Автор детально разбирает известные повести и романы, дробит исторические сюжеты на фрагменты, чтобы читателю стало понятно, где сюжет – линеен, а где мы вместе с героем движемся в разных направлениях, одновременно цепляясь в «кроличьей норе» за скрытые смыслы в политике, за нить детектива, за озарение искусства или законы нравственности. Таким образом, воображение создает текстопорождающую – и вполне сценарную – конфигурацию, которую в наш век легче всего перенести на большой экран.
Полина Жеребцова, писатель
От автора
– Зачем нам история? – спросила в начале учебного года одна из представительниц кинематографического юношества на первом занятии курса «Отечественная история в контексте мировой». В дальнейшем, не дожидаясь повторения такого вопроса, я начинаю свои занятия в стенах Института кино и телевидения (ГИТР) с упреждающих кадров фильма «Легенда о Коловрате» (2017), в которых герой потчует своего князя картошкой – что, мол, тут не так?

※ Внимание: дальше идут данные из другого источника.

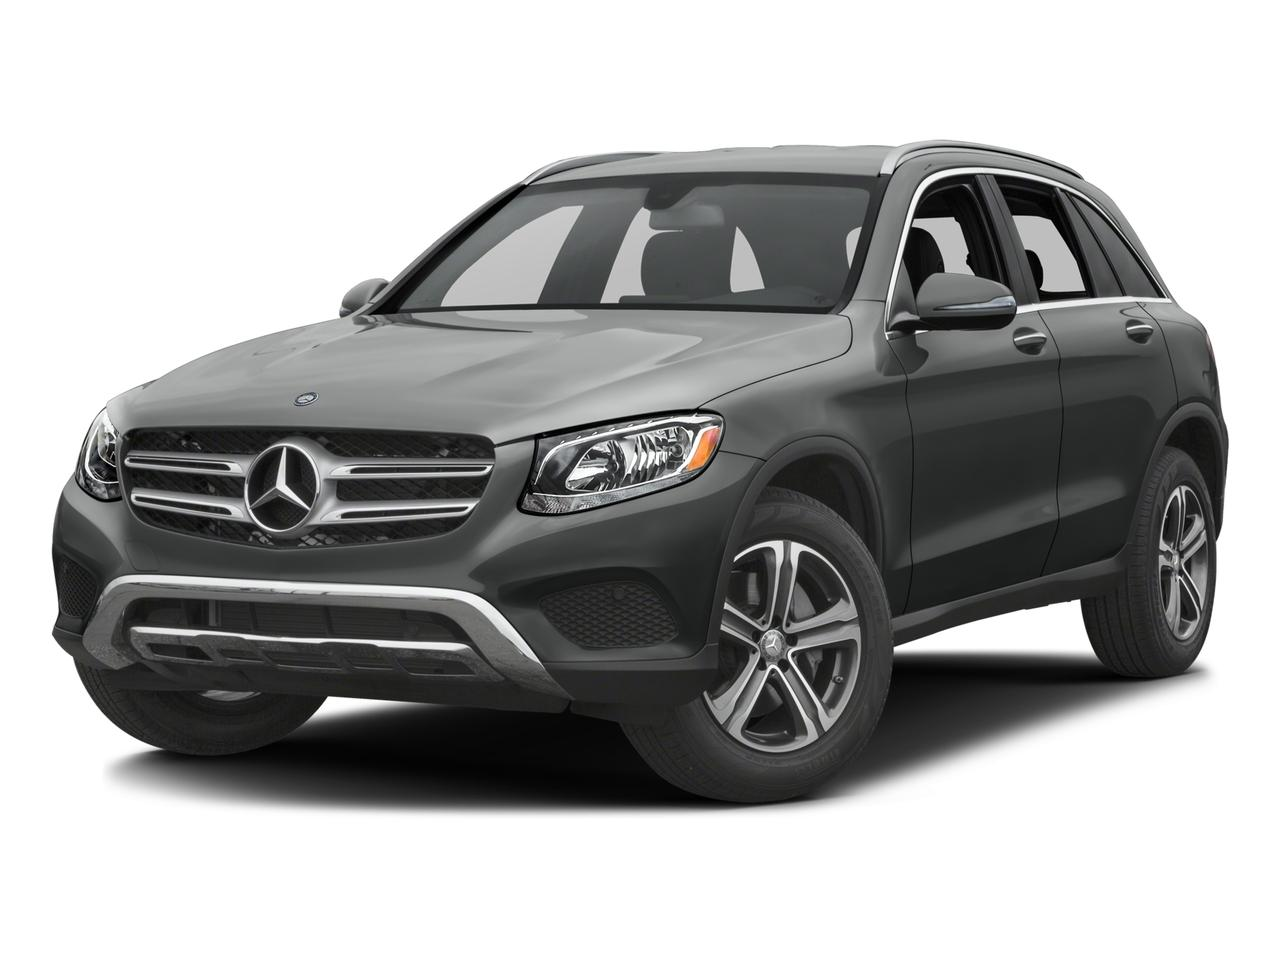 2016 Mercedes-Benz GLC Vehicle Photo in San Antonio, TX 78230

С историей и даже теорий литературы таких вопросов не возникало, и я сразу приступаю в той или иной форме к изложению материала, обильно приправляя его примерами из экранизаций. Поучительным тут, представляется один авторский опыт из собственного авторского юношества.

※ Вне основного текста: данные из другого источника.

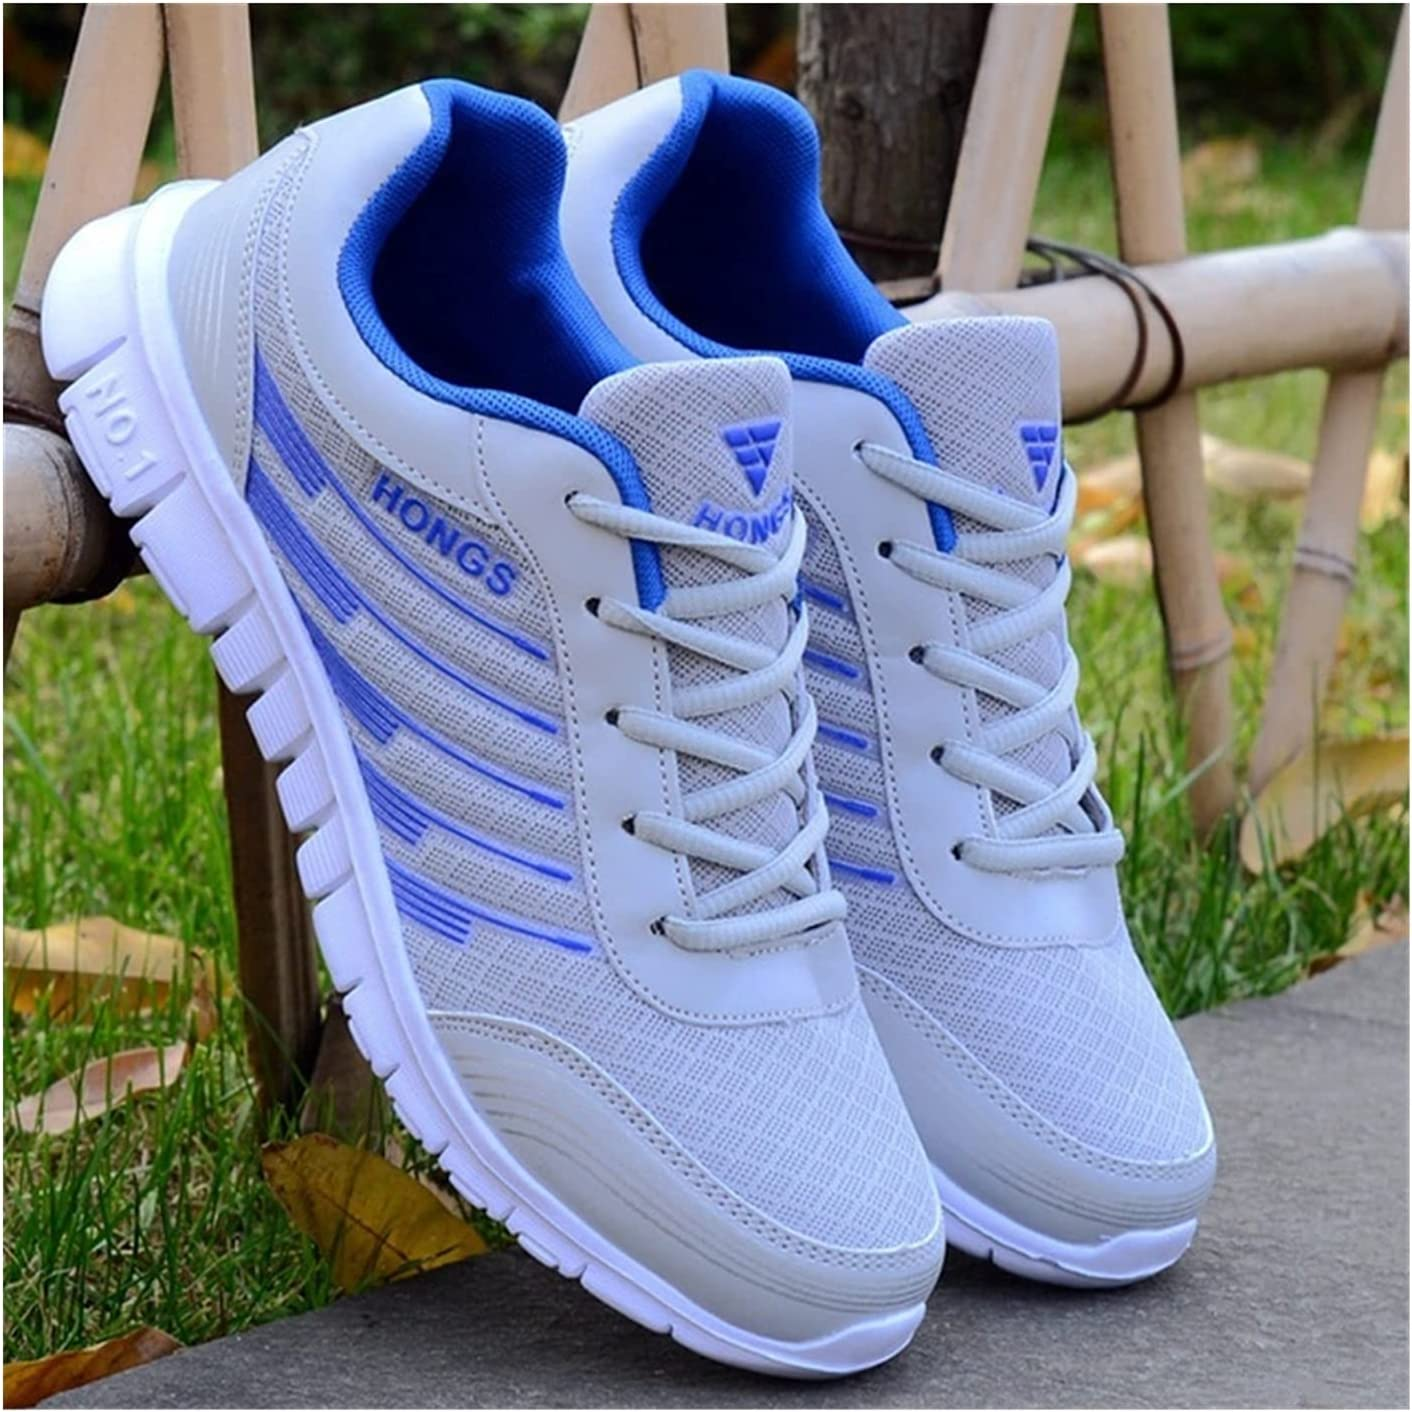 QYJPN New Sneakers Superlatite Men Now free shipping Shoes Walking Lightweight Male M

Одна из первых моих публикаций состоялась в журнале «Искусство кино» в (теперь тоже своего рода история!) 1979 году (№ 12). Точнее сказать, мое претендующее на статью о новом фильме Юлия Райзмана «Странная женщина» письмо в редакцию, как был определен жанр текста, стало основой для редакционного обзора читательской почты, подписанного «Отдел советского художественного фильма».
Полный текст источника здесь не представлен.